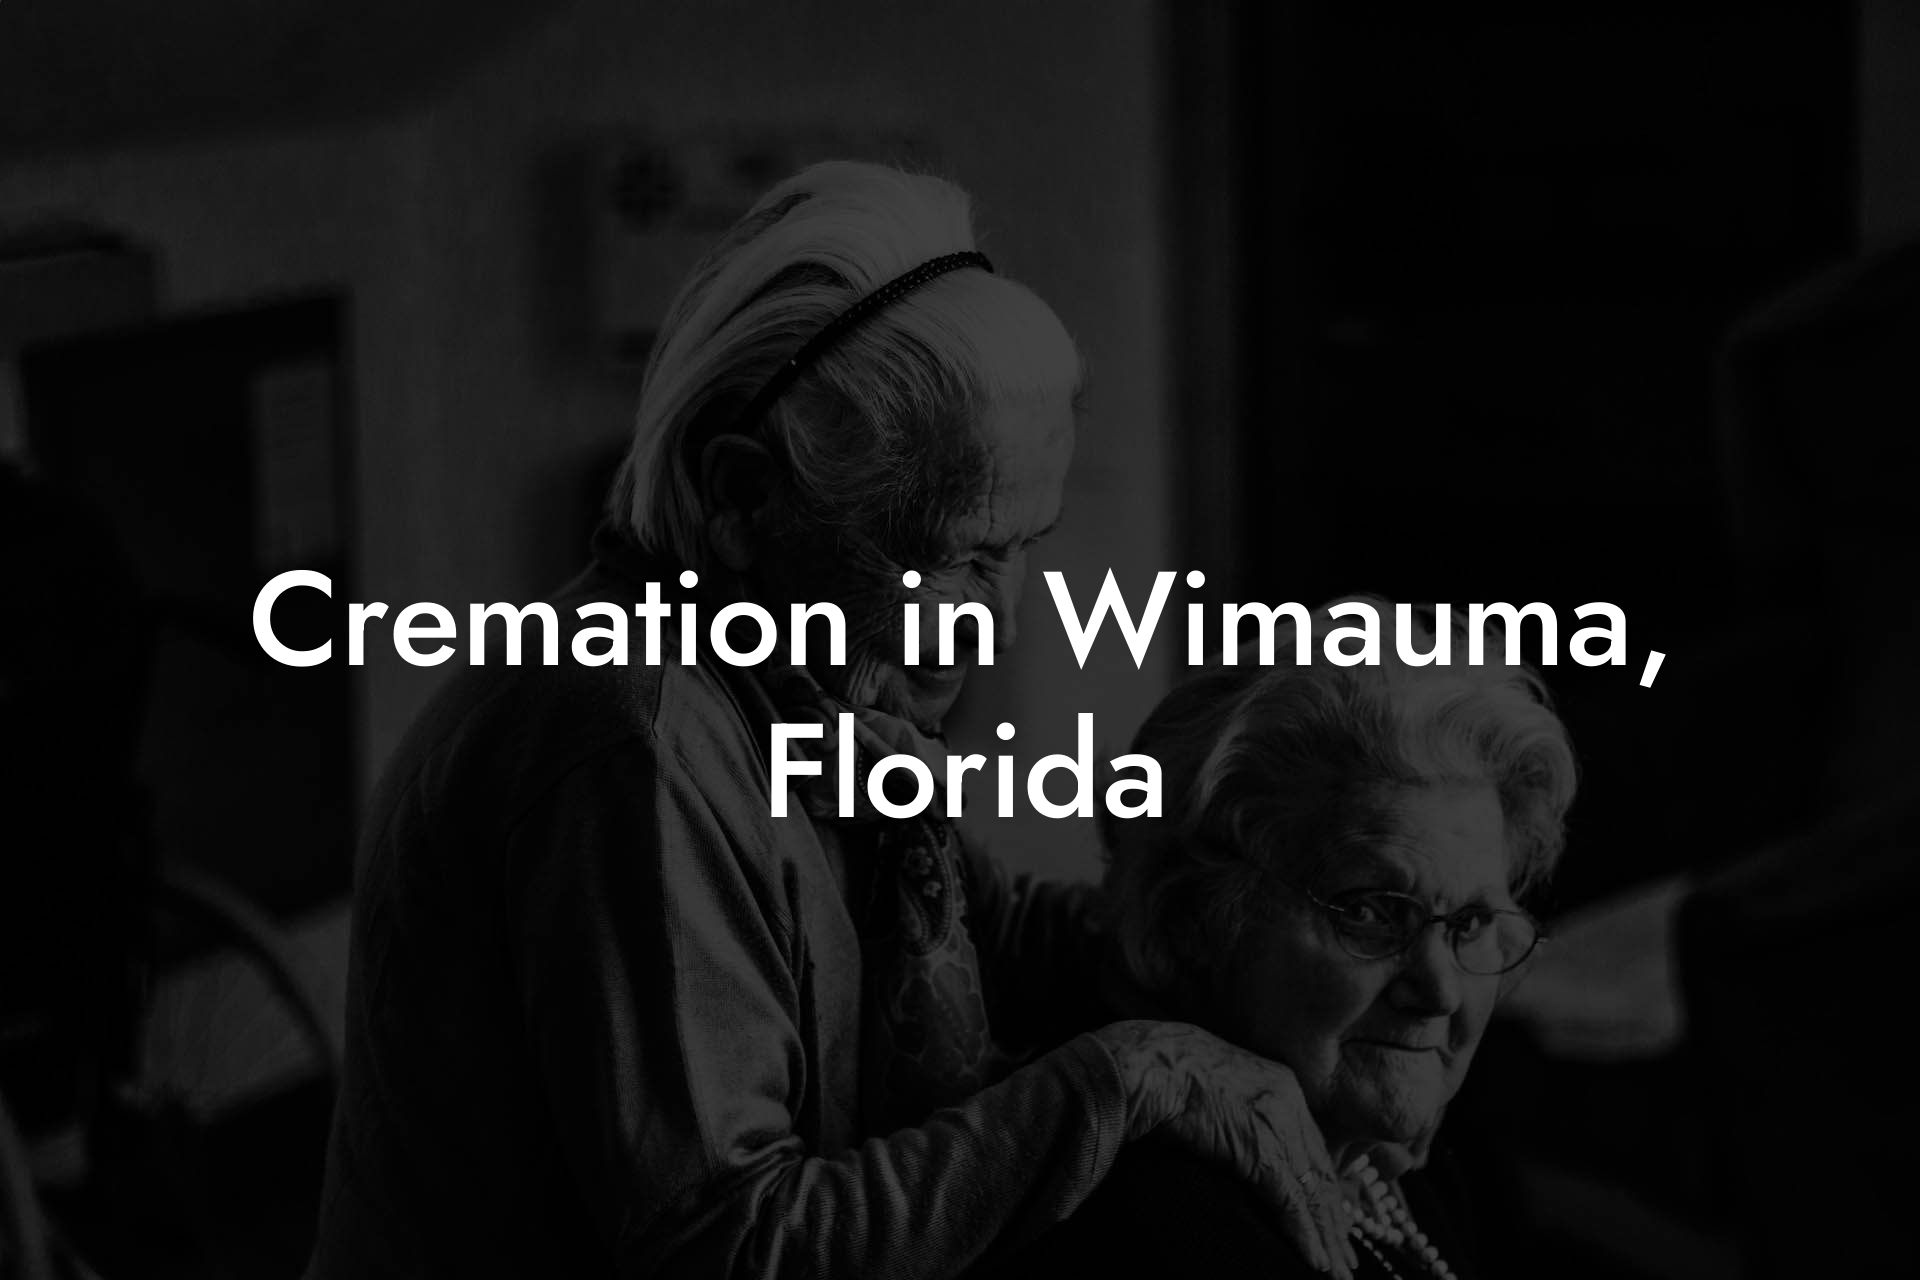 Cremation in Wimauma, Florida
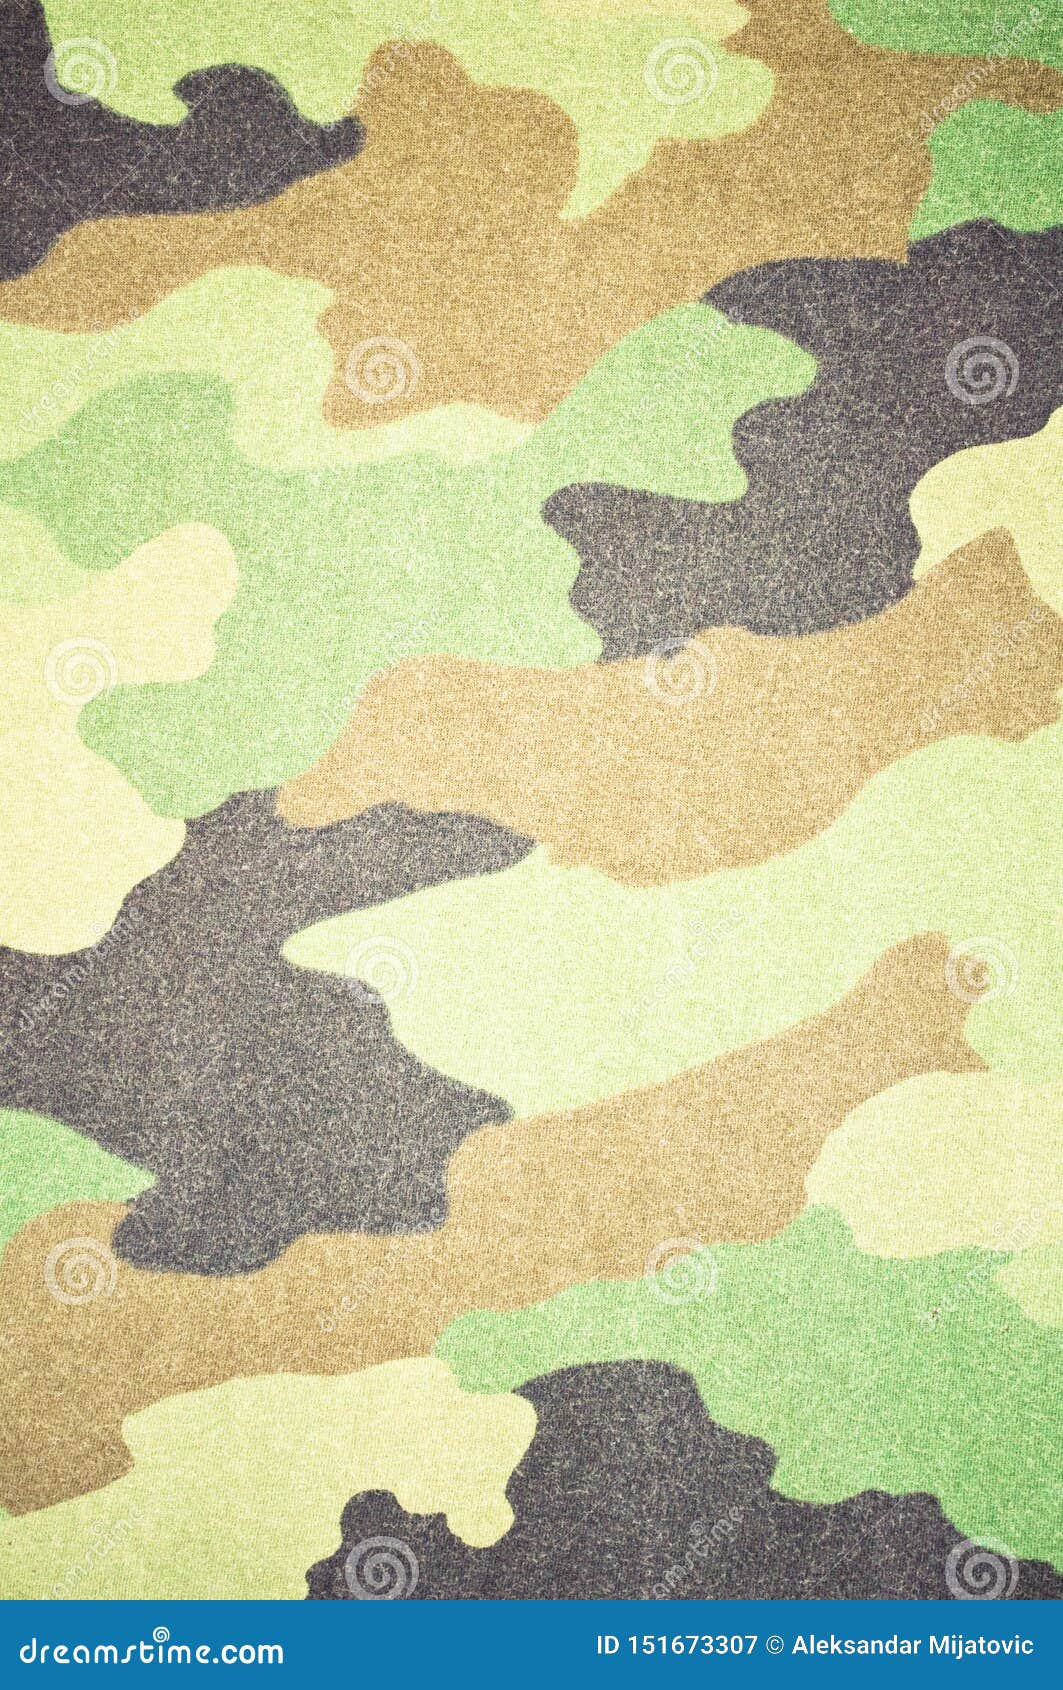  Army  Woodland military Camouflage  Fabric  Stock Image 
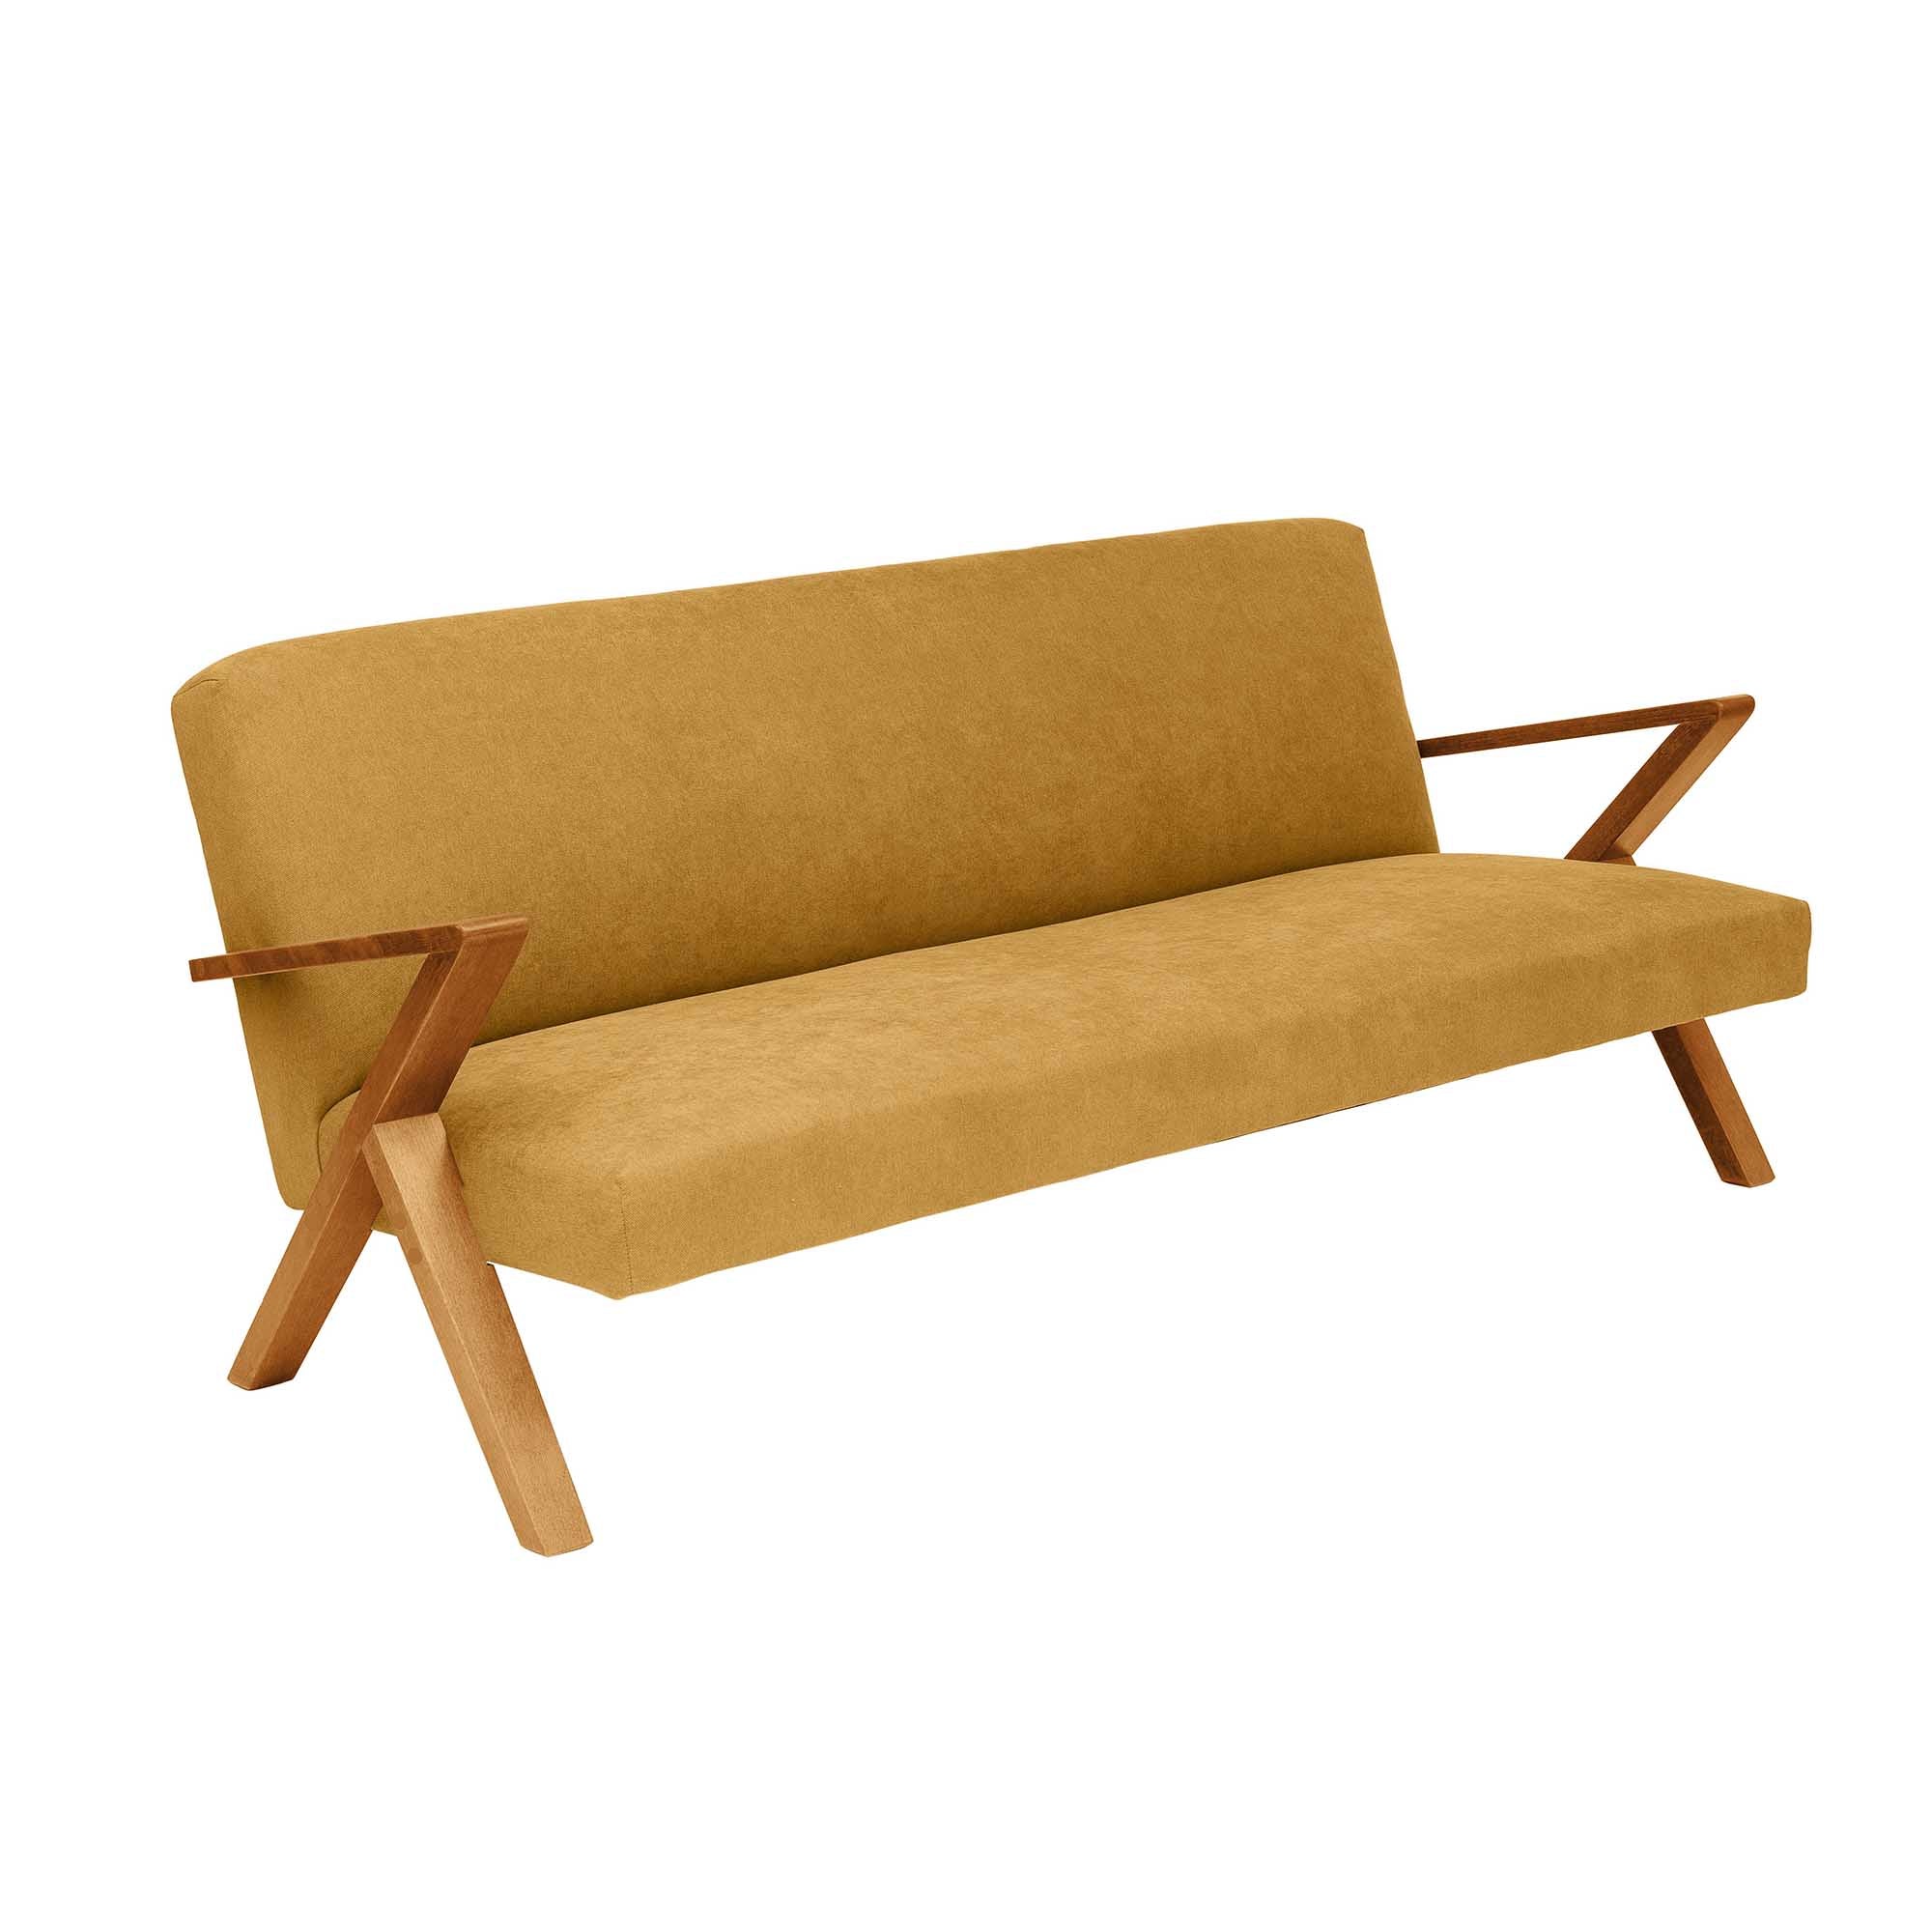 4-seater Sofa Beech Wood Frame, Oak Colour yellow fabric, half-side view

Exercise brief
Word for word, quote the lines above. Omit the pictures.

Result
 Cremation in Wimauma, Florida
  Army  Woodland military Camouflage  Fabric  Stock Image 
 4-seater Sofa Beech Wood Frame, Oak Colour yellow fabric, half-side view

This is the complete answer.